If they can navigate this difficult period, there are positive signs ahead. In May of last year, when hospitality fully reopened, the lack of restrictions combined with consumers’ want for normality helped to drive up restaurant spend by 98% compared to April.

Appetite for fast food grows

Despite headwinds facing the restaurant sector, the picture for fast-food brands is more positive.
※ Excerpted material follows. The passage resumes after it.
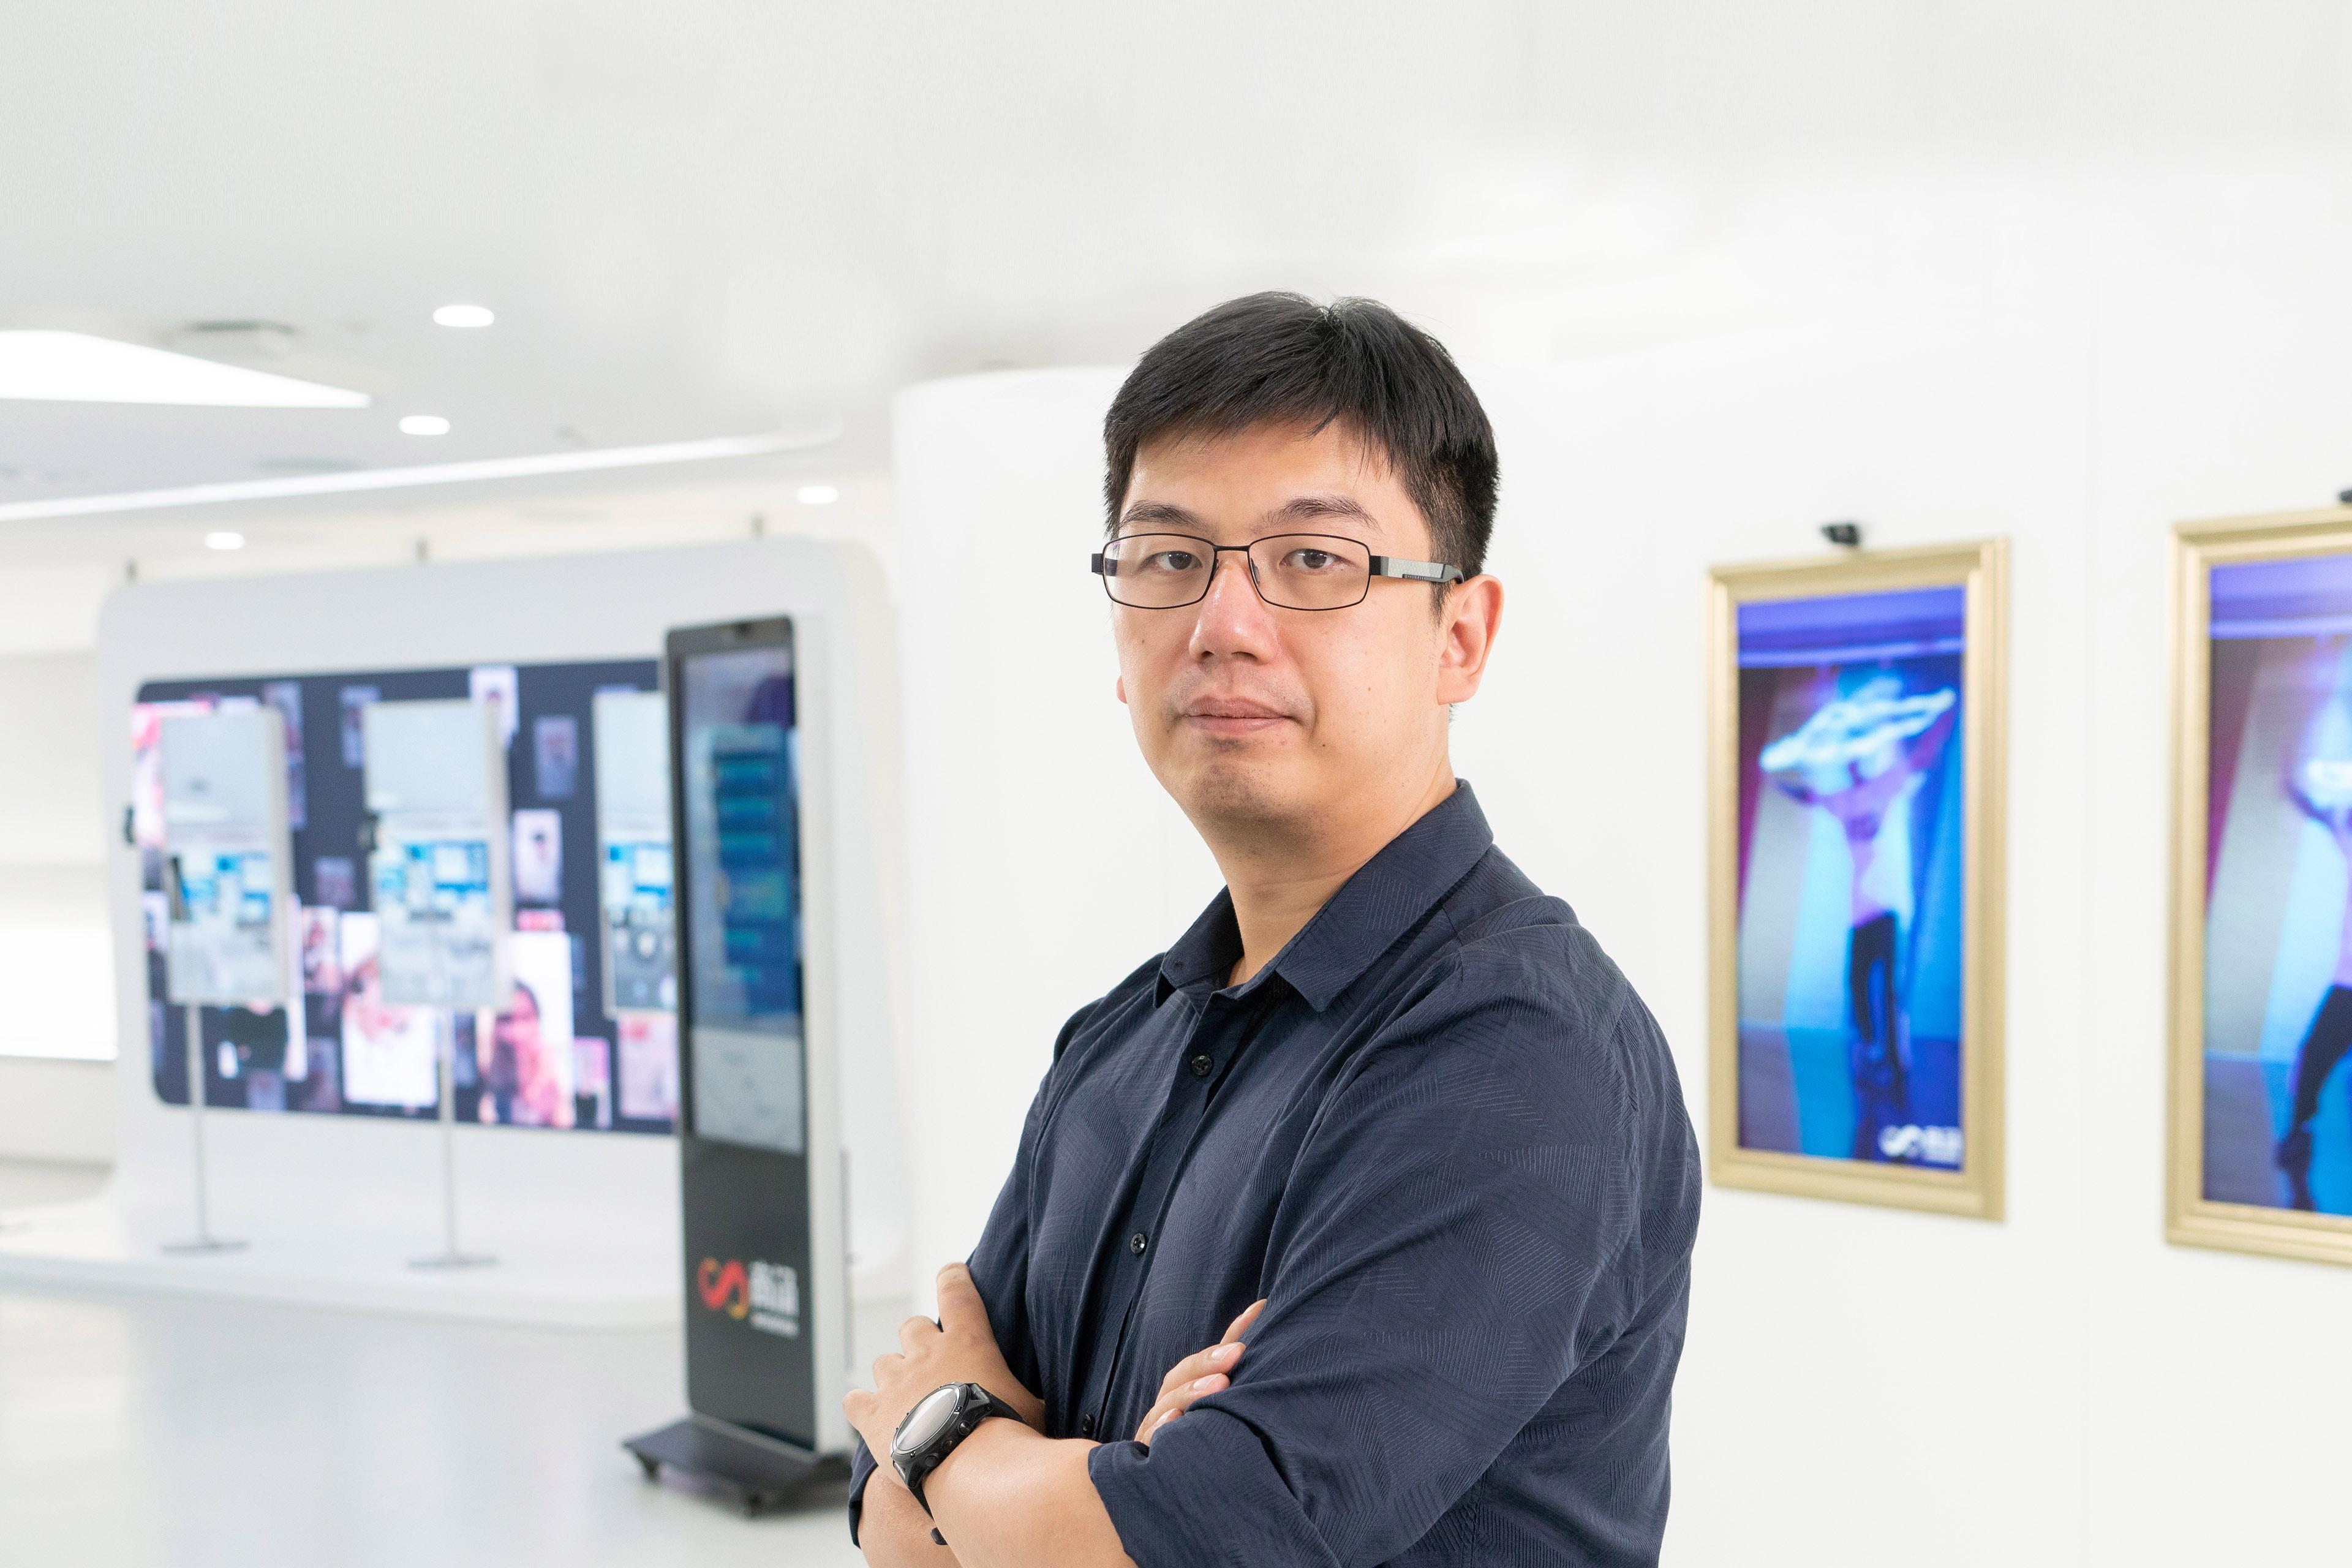 2019 Entrepreneur Dr. Xu Li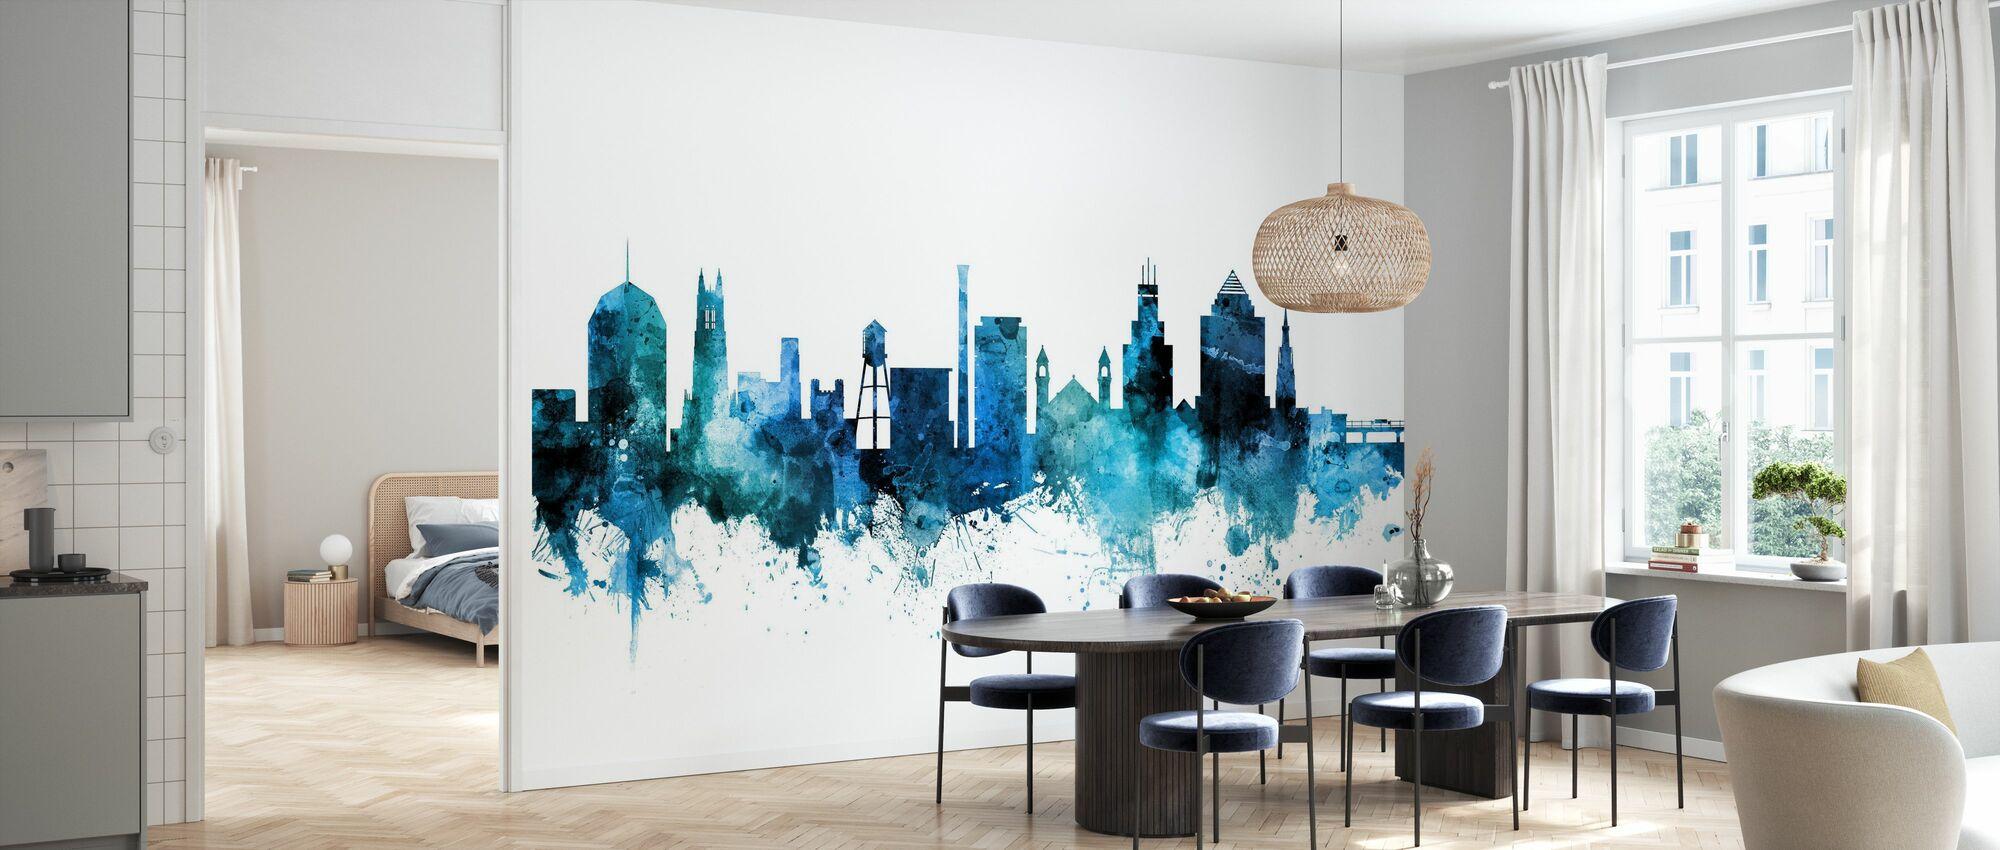 Durham North Carolina Skyline - Wallpaper - Kitchen

The fast-food sector has seen its growth speed up in the past year with spend at brands such as KFC, Greggs, Subway and McDonalds increasing by 20% in 2021 as consumers returned to office and with it, spent on on-the-go lunches.

This has been buoyed by consumers visiting these chains more often, on average 17% more often over the last 6 months, and spending more per trip as the average amount spent per customer increased by 9% in the same period.

Charlotte Jamieson, Partnerships Director at Cardlytics UK comments: “The food sector has experienced a disruptive transformation this year with the rise of rapid grocery delivery apps and the continued success of takeaway platforms, driven by increasingly online-savvy and time-poor customers.”

She adds: “Rising cases of Omicron spelled a muted festive period for restaurants and pubs while delivery platforms celebrated a record Christmas, as consumers opted for takeaways on the sofa over drinks at their local to celebrate the season. Despite an absence of new restrictions, consumer confidence signals new pressure on restaurants and bricks-and-mortar grocers to improve their online and delivery presence. For those brands that want to move their loyal customers to new online channels, offering online-only discounts and exclusive online ranges should be front of mind.”